WHAT THE TASK REQUIRES> All of the data that follows is to be written out exactly, with images excluded.

SUPPLIED MATERIAL>
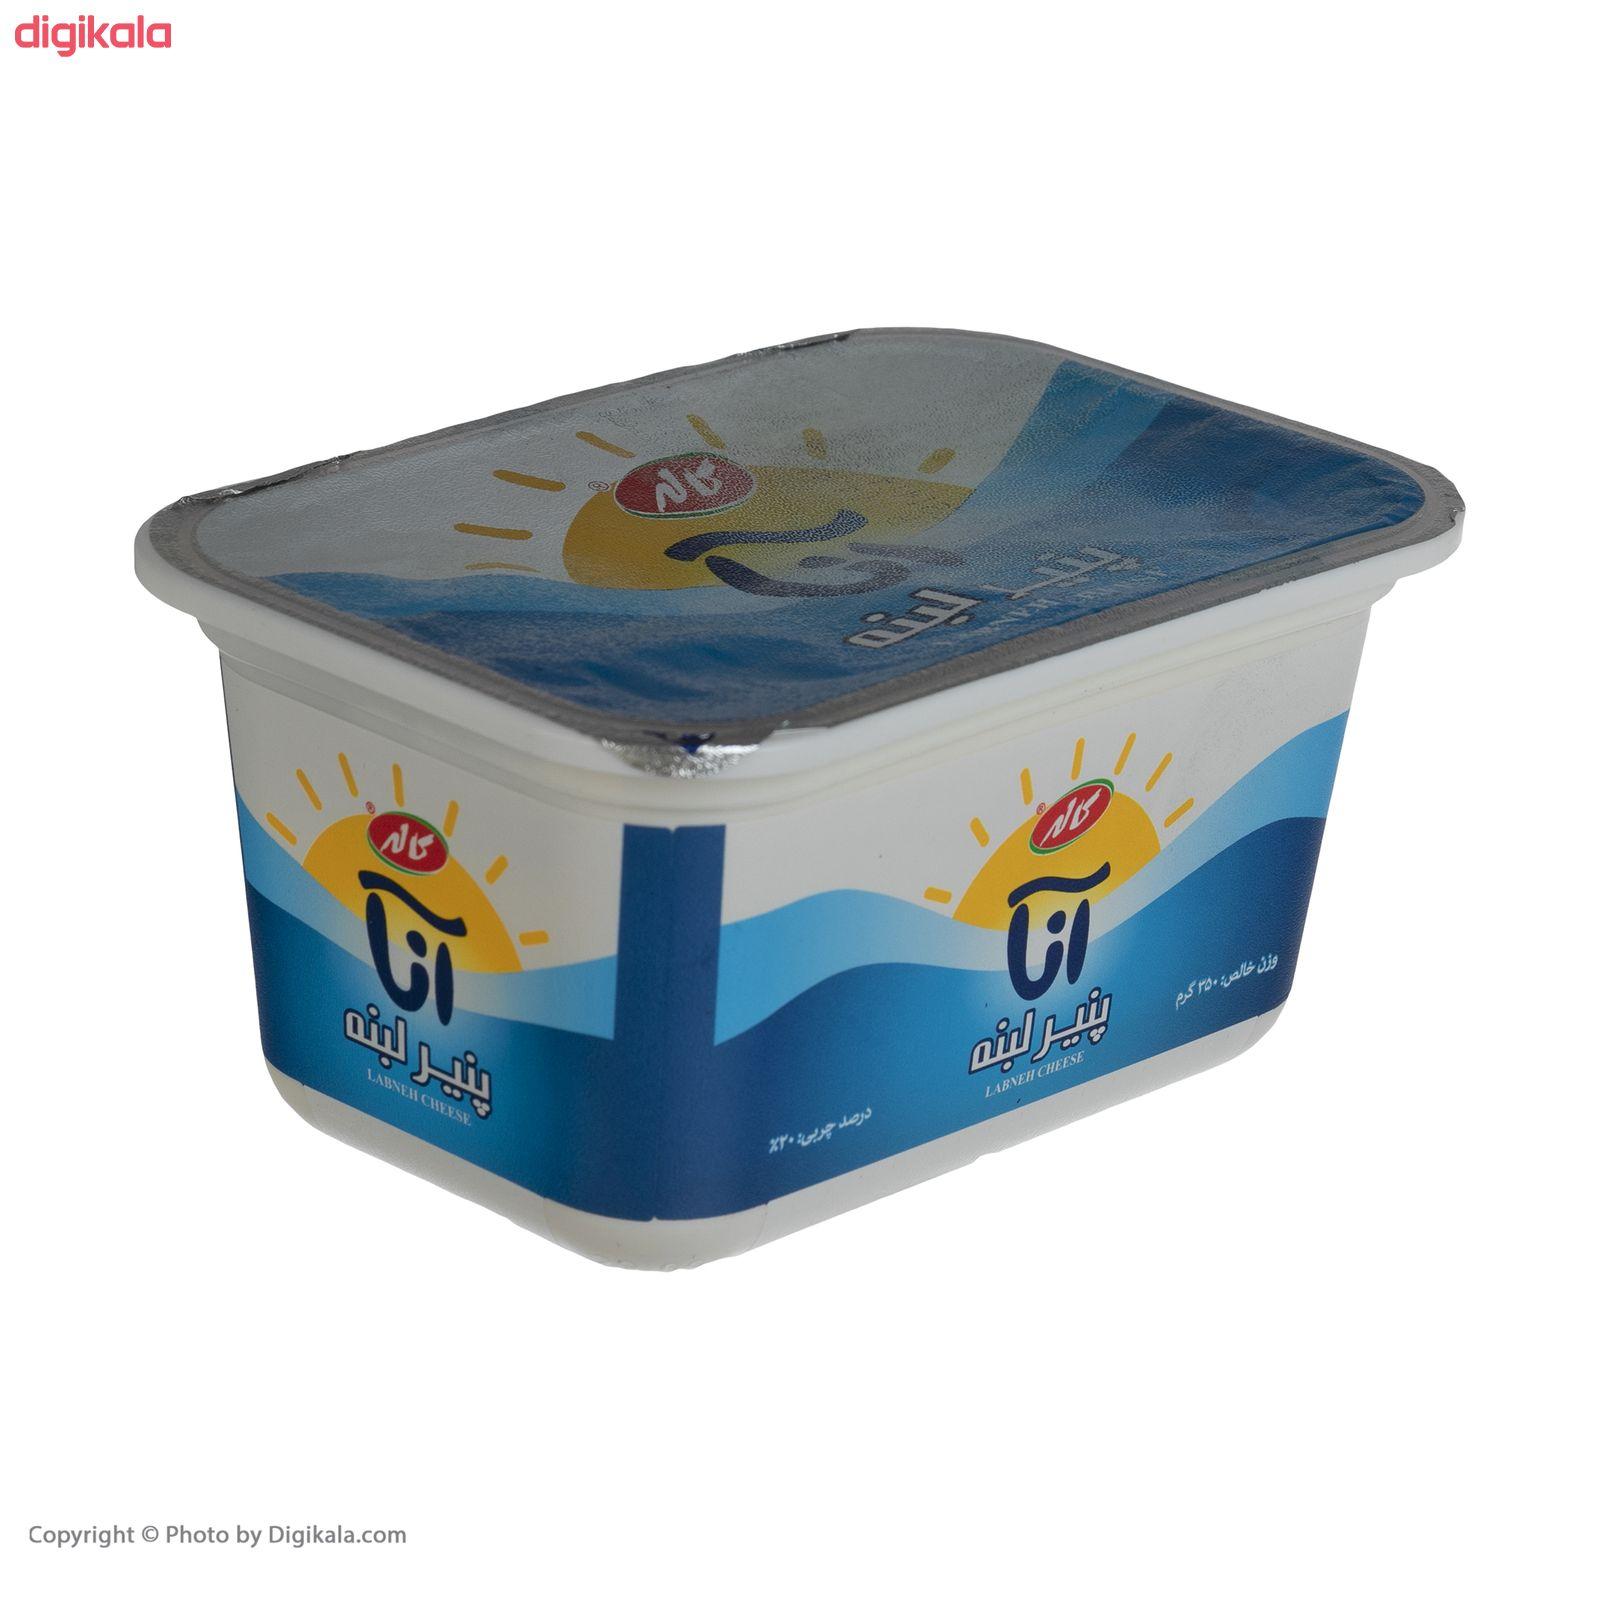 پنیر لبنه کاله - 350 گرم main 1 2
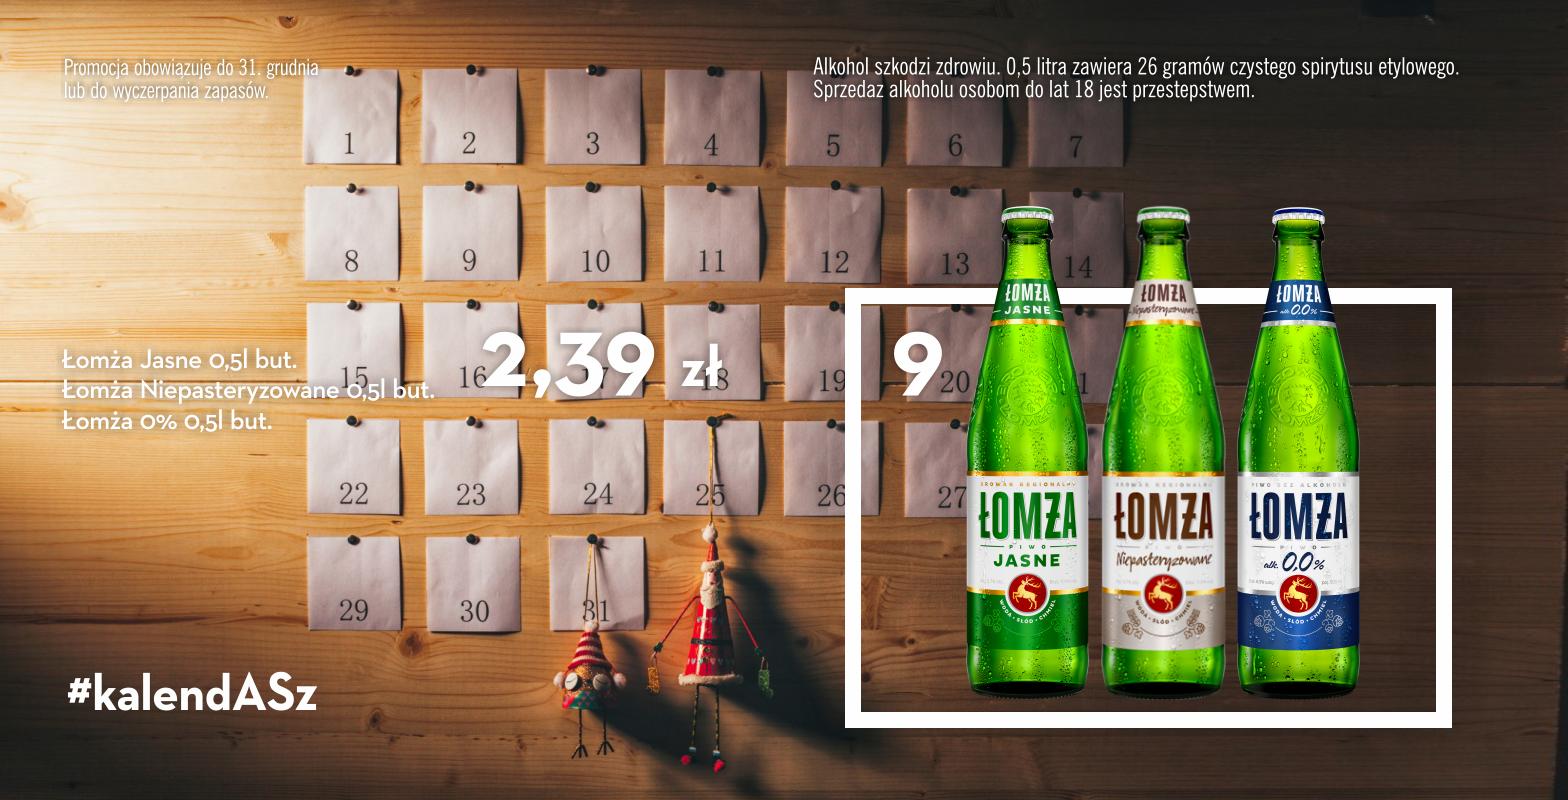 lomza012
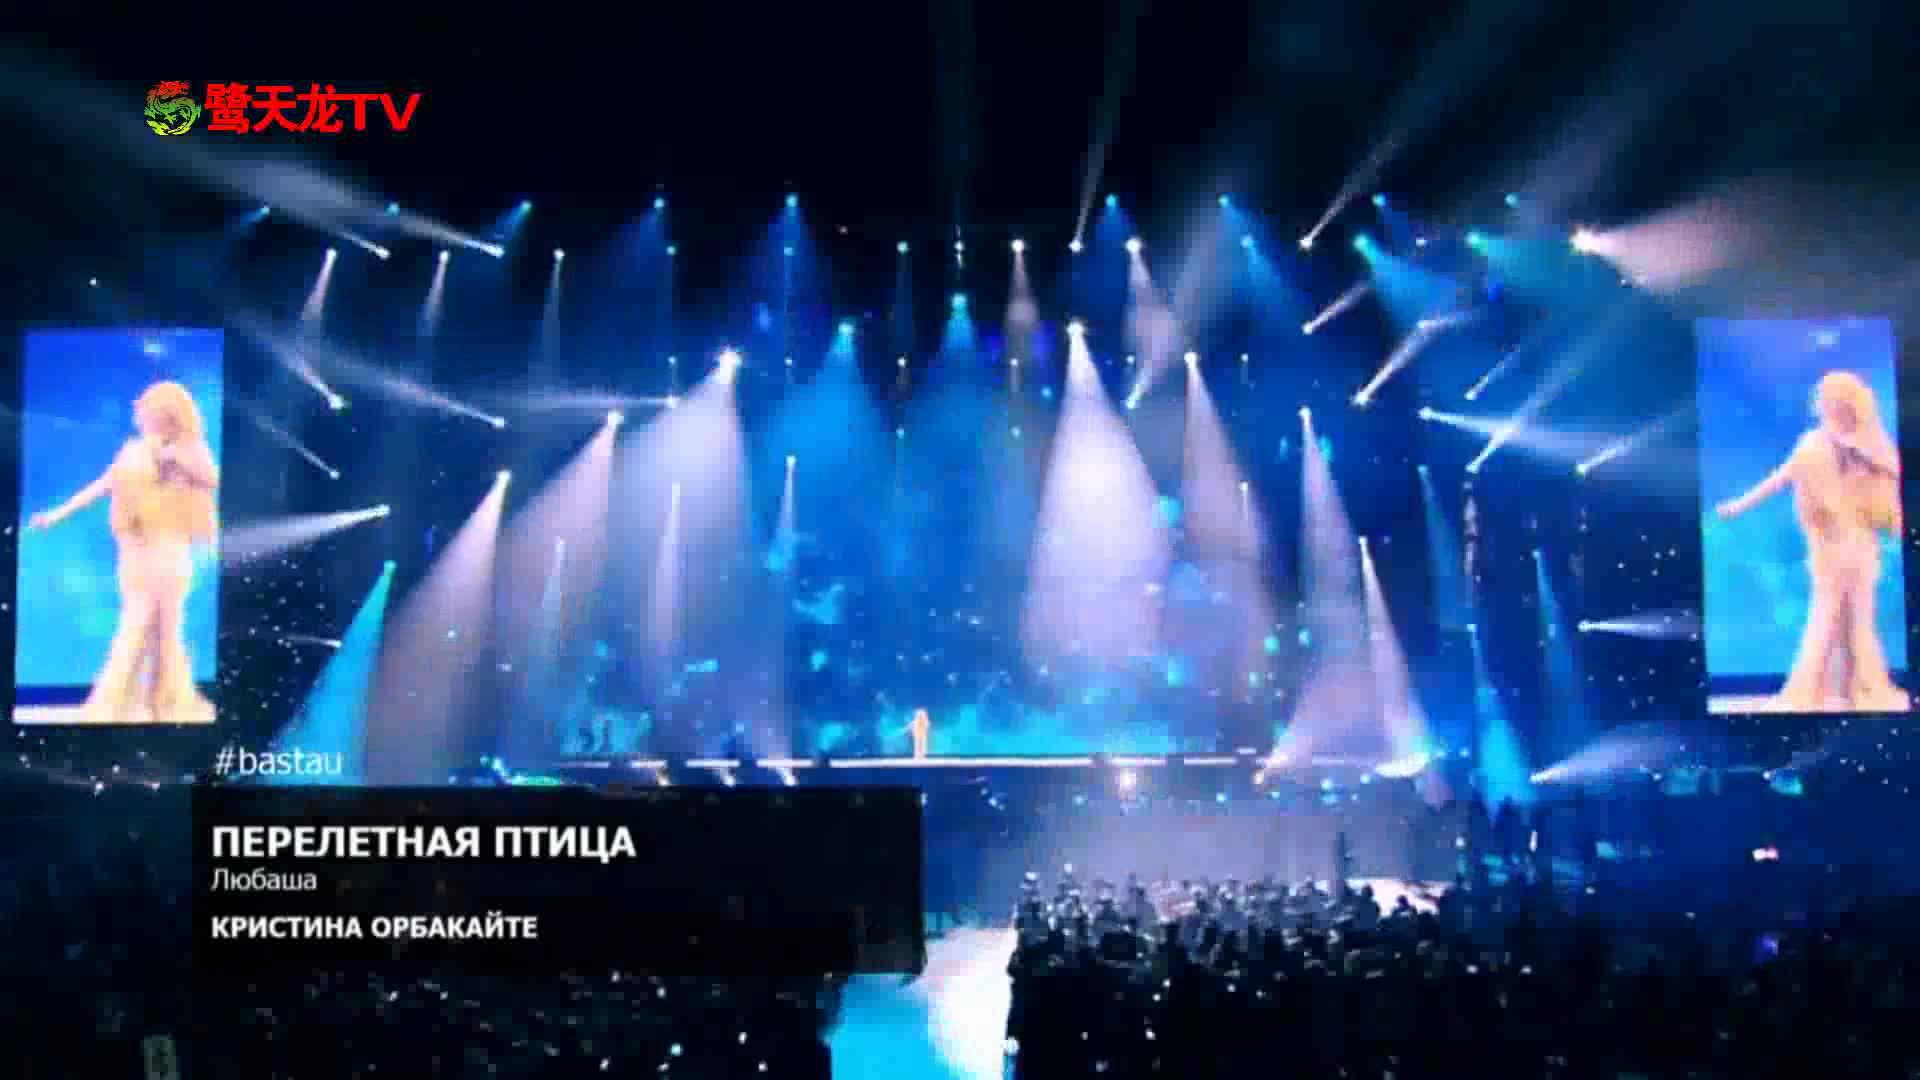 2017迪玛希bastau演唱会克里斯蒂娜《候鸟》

ANSWER SPACE>
 پنیر لبنه کاله - 350 گرم main 1 2
 lomza012
 2017迪玛希bastau演唱会克里斯蒂娜《候鸟》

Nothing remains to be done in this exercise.